:: Work instructions ::
The answer must be an exact copy of the lines from the one containing "单亲家庭 为 销售 在" through the last line of the records, with the pictures left out.

:: Data for processing

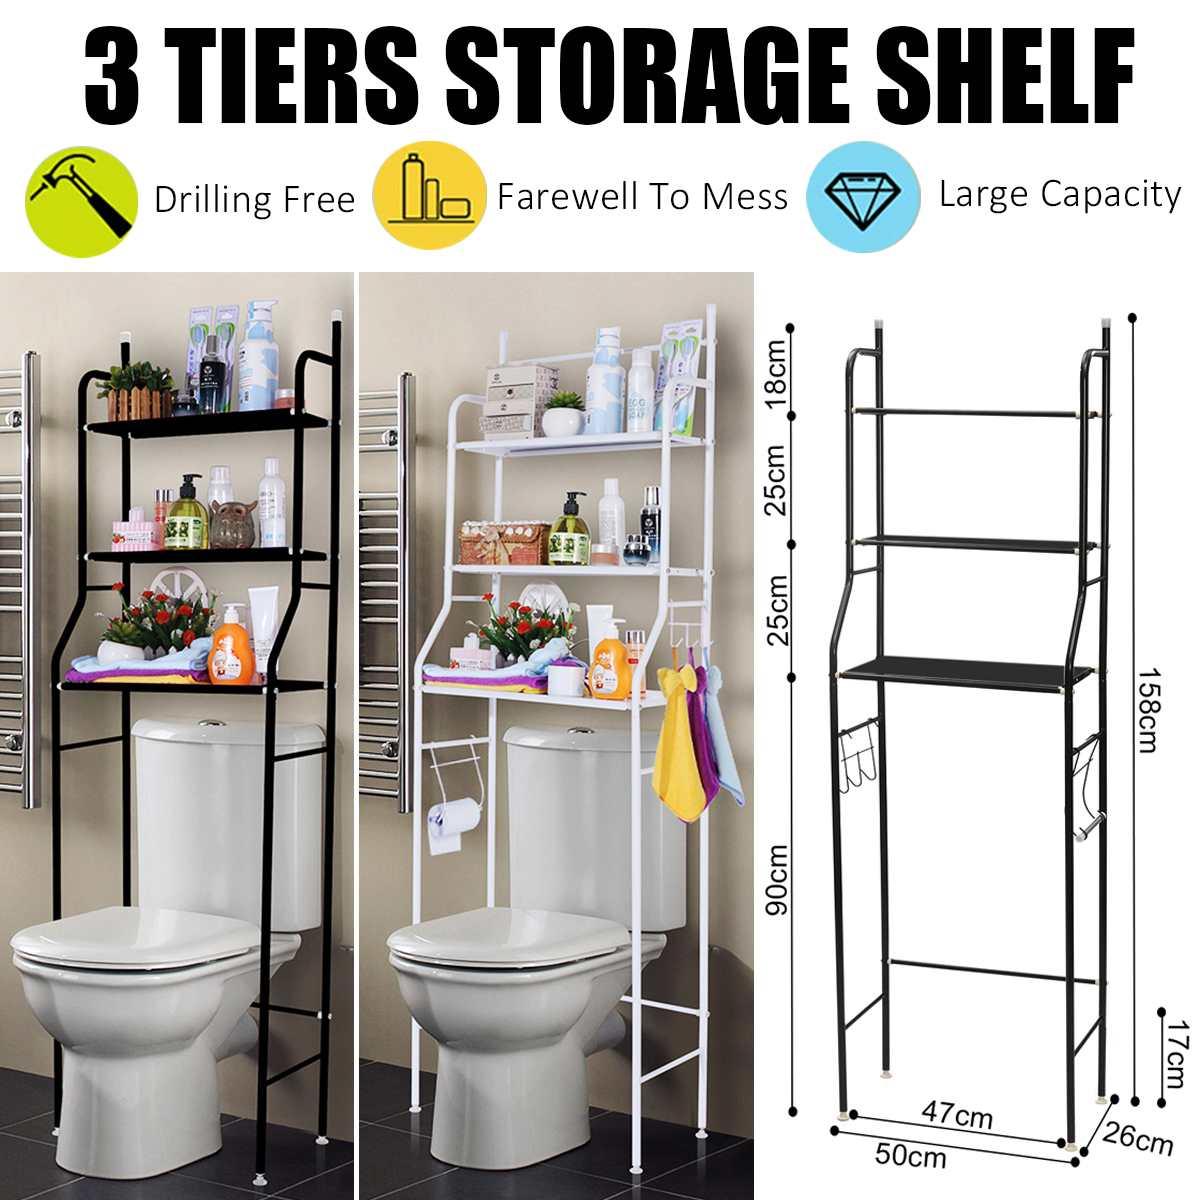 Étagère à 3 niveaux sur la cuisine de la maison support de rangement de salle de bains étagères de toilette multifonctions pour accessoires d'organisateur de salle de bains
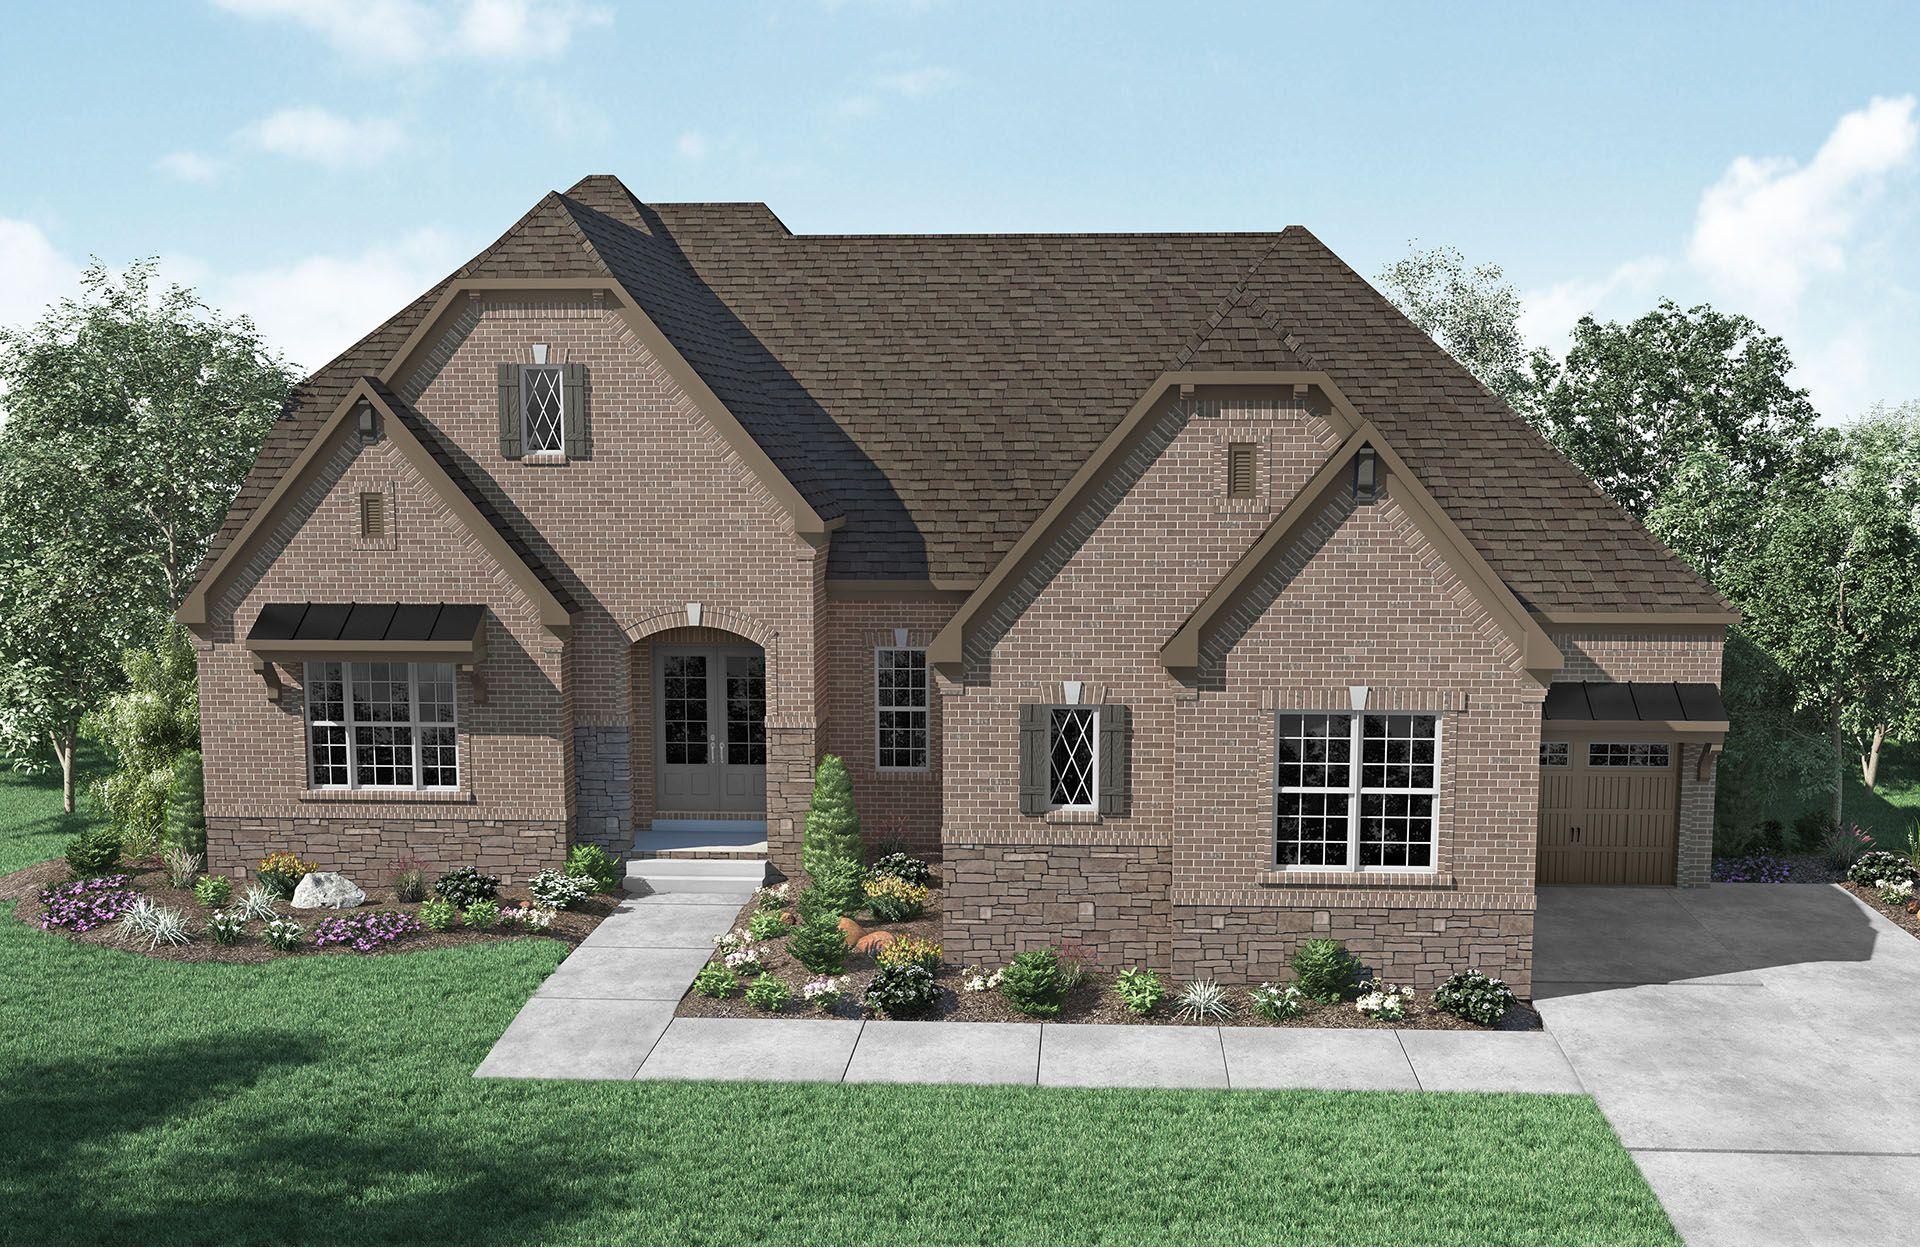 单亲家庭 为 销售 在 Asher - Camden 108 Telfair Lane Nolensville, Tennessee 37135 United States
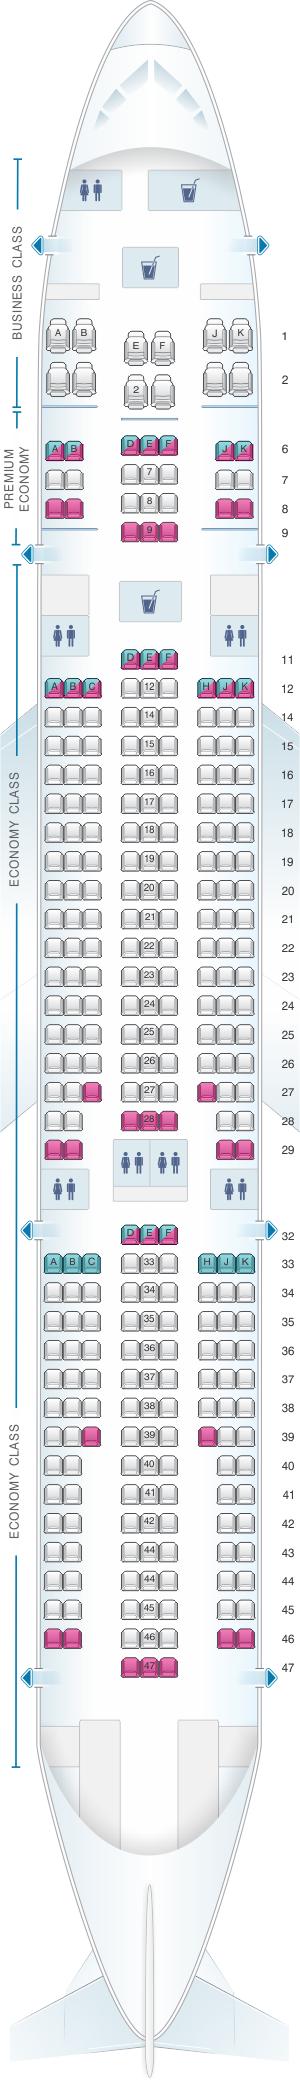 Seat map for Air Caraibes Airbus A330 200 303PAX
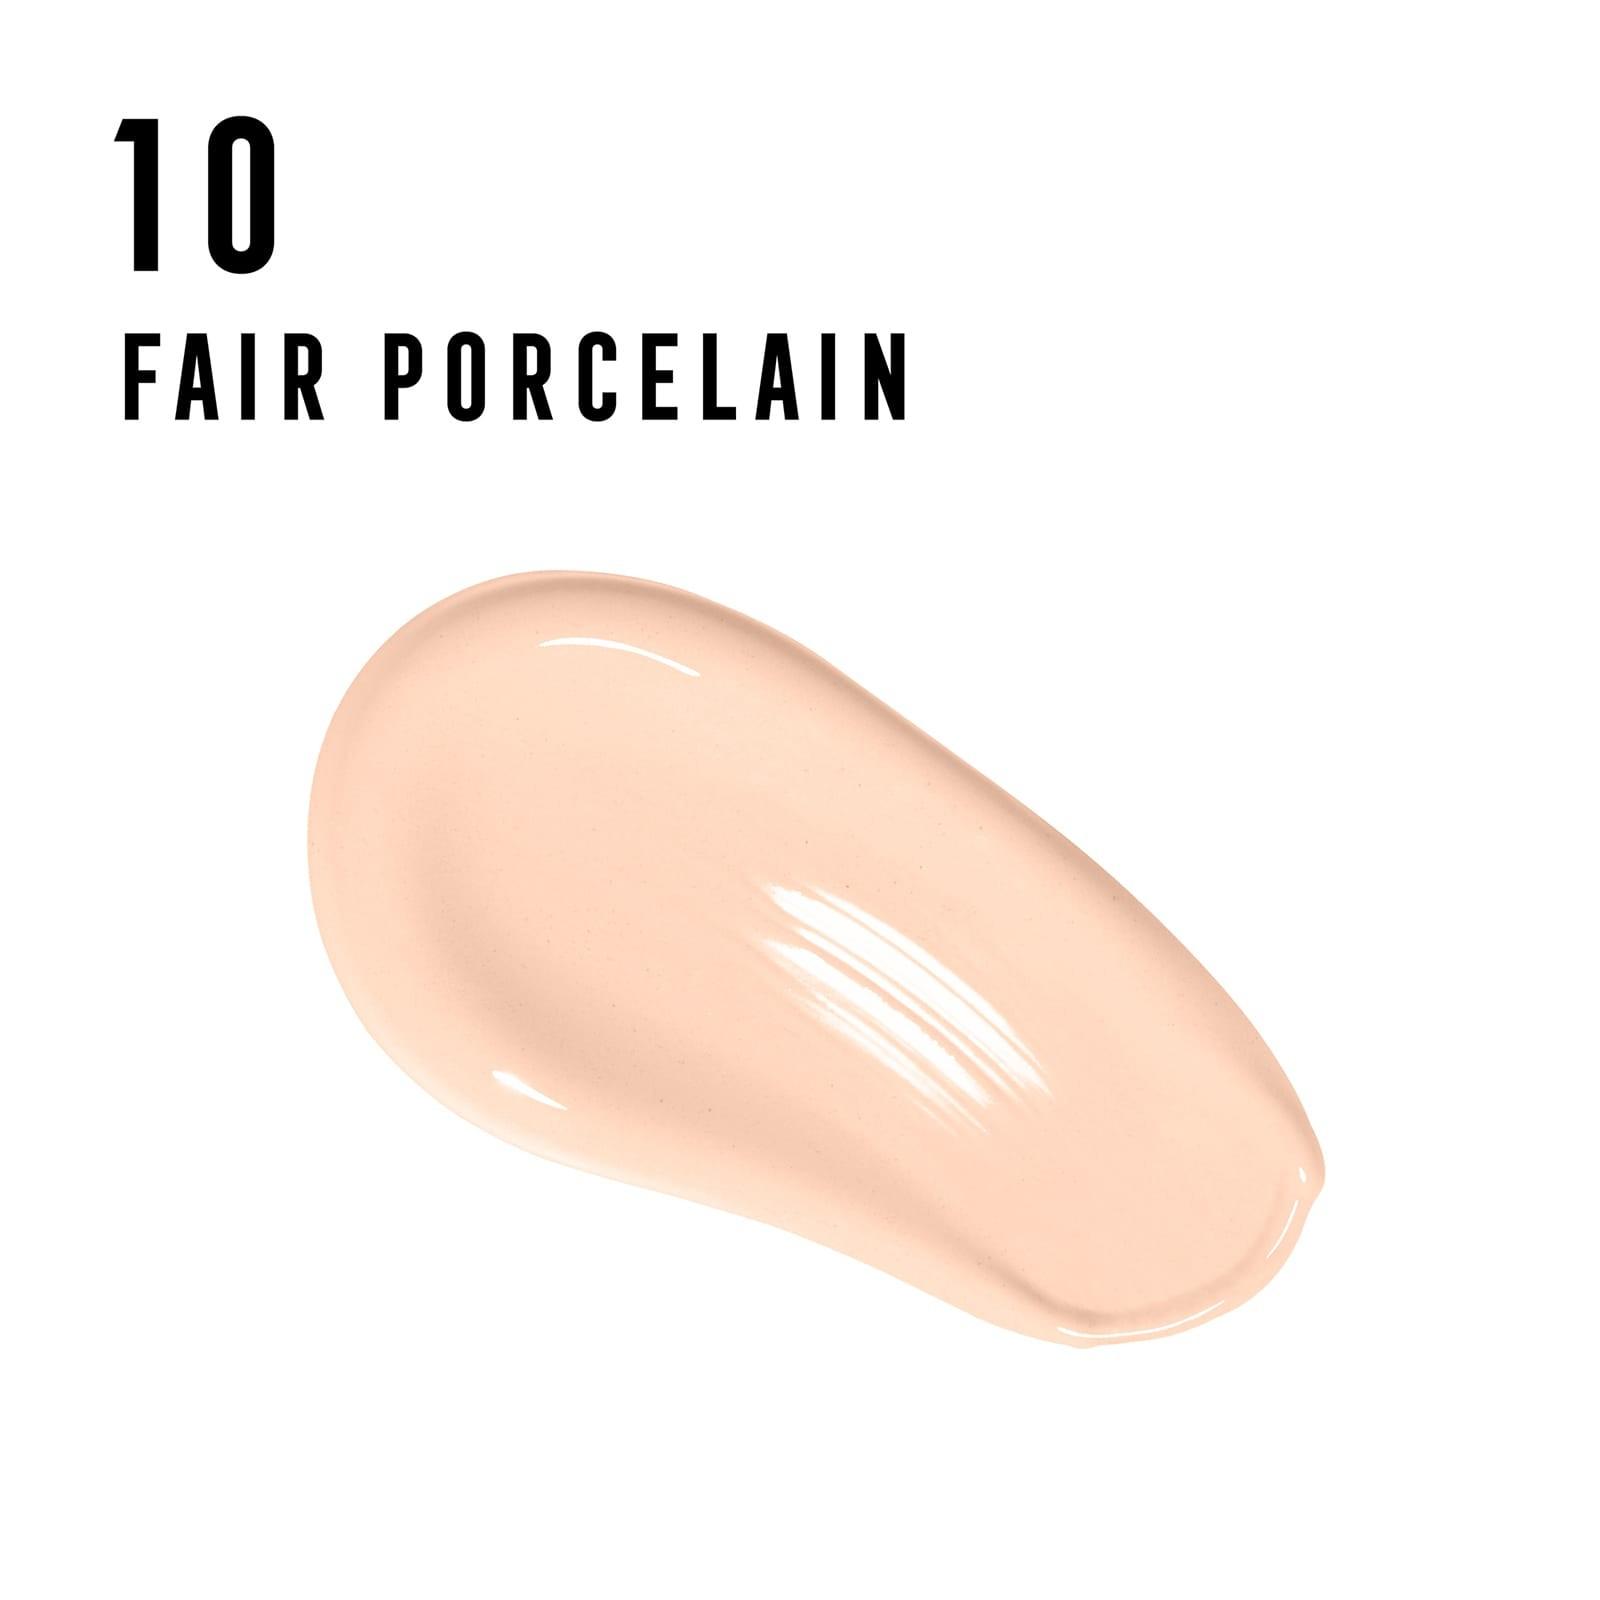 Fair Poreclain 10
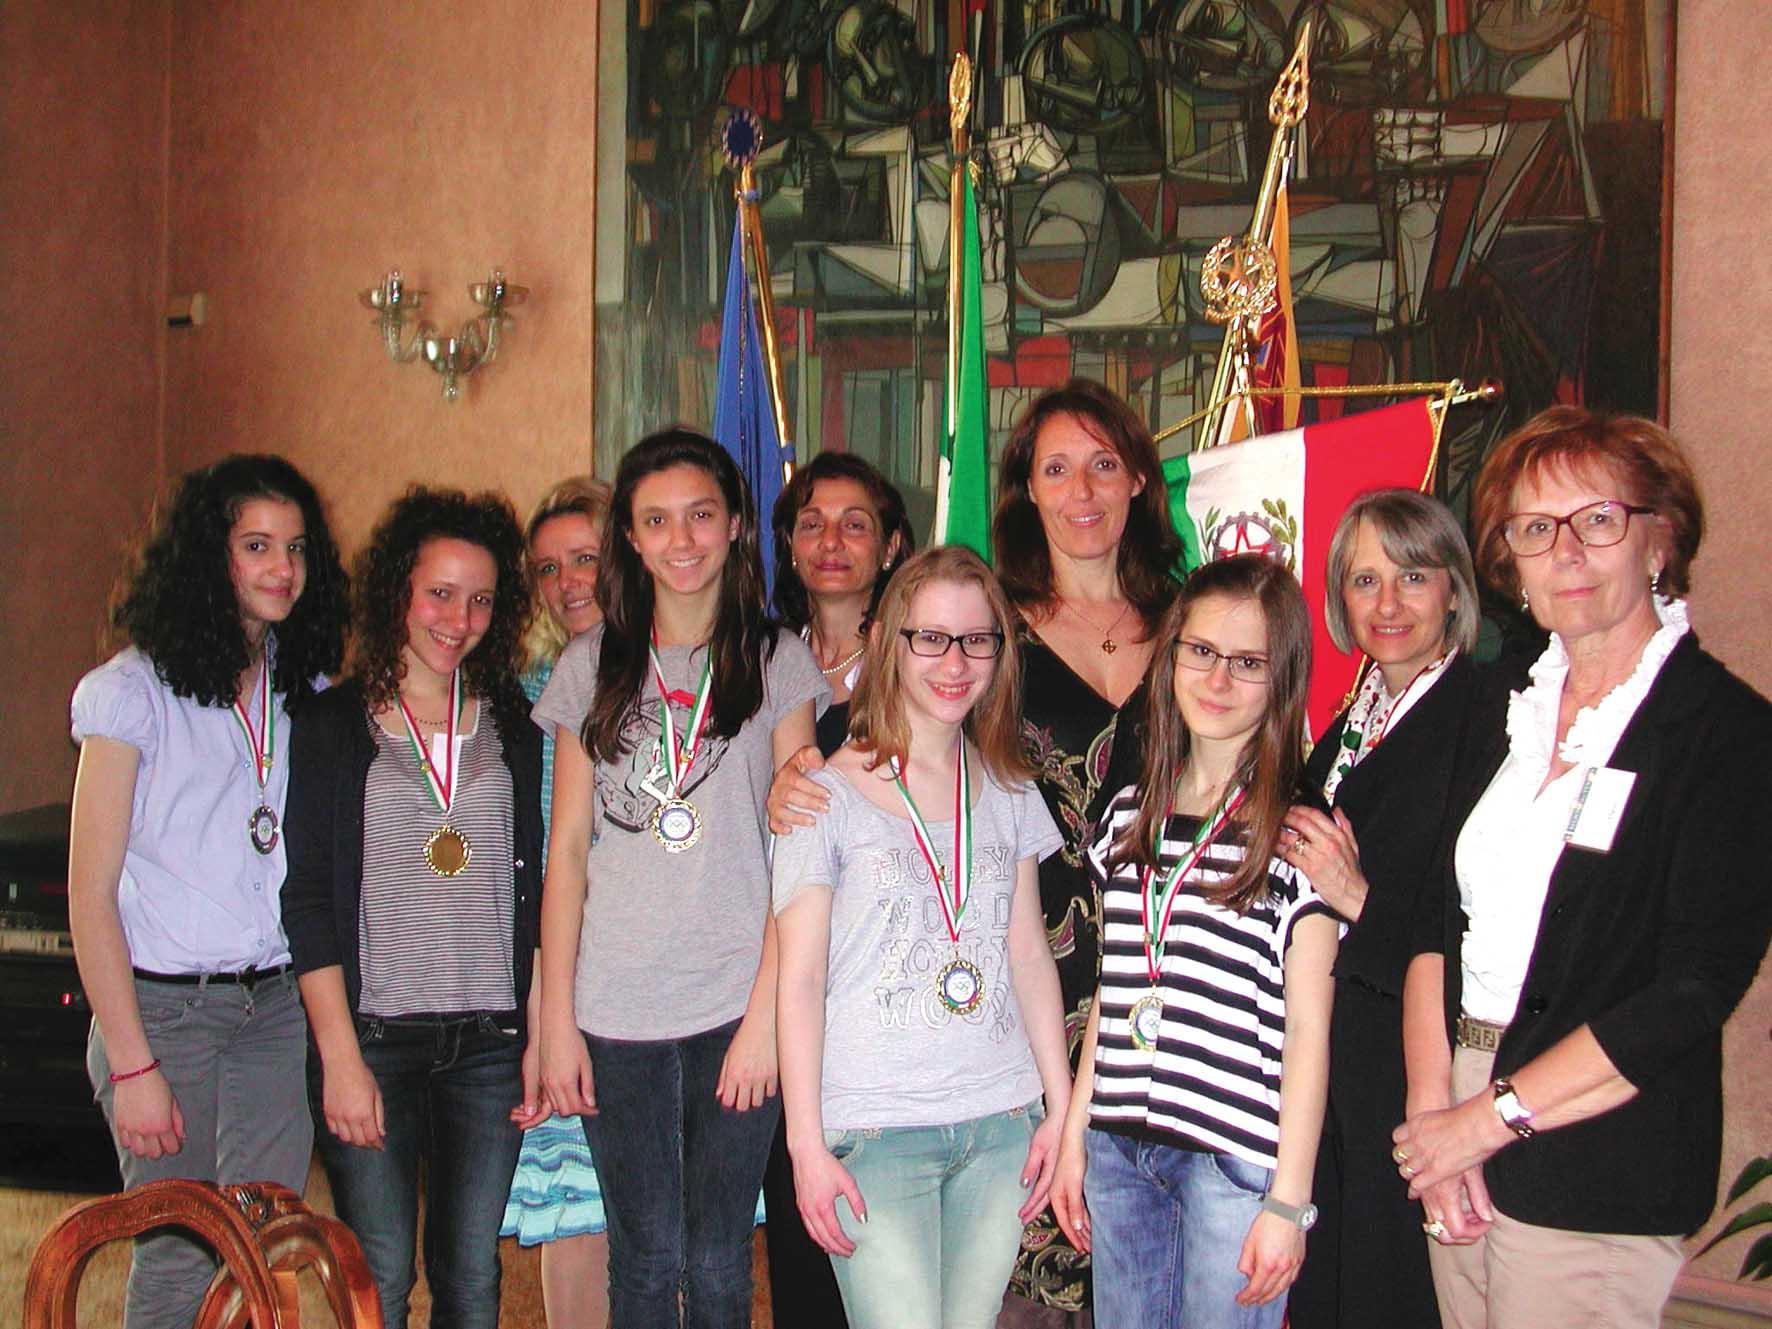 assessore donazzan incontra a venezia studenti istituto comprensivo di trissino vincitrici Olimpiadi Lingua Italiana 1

::::

:: Completed task ::
 单亲家庭 为 销售 在 Asher - Camden 108 Telfair Lane Nolensville, Tennessee 37135 United States
 Seat map for Air Caraibes Airbus A330 200 303PAX
 Fair Poreclain 10
 assessore donazzan incontra a venezia studenti istituto comprensivo di trissino vincitrici Olimpiadi Lingua Italiana 1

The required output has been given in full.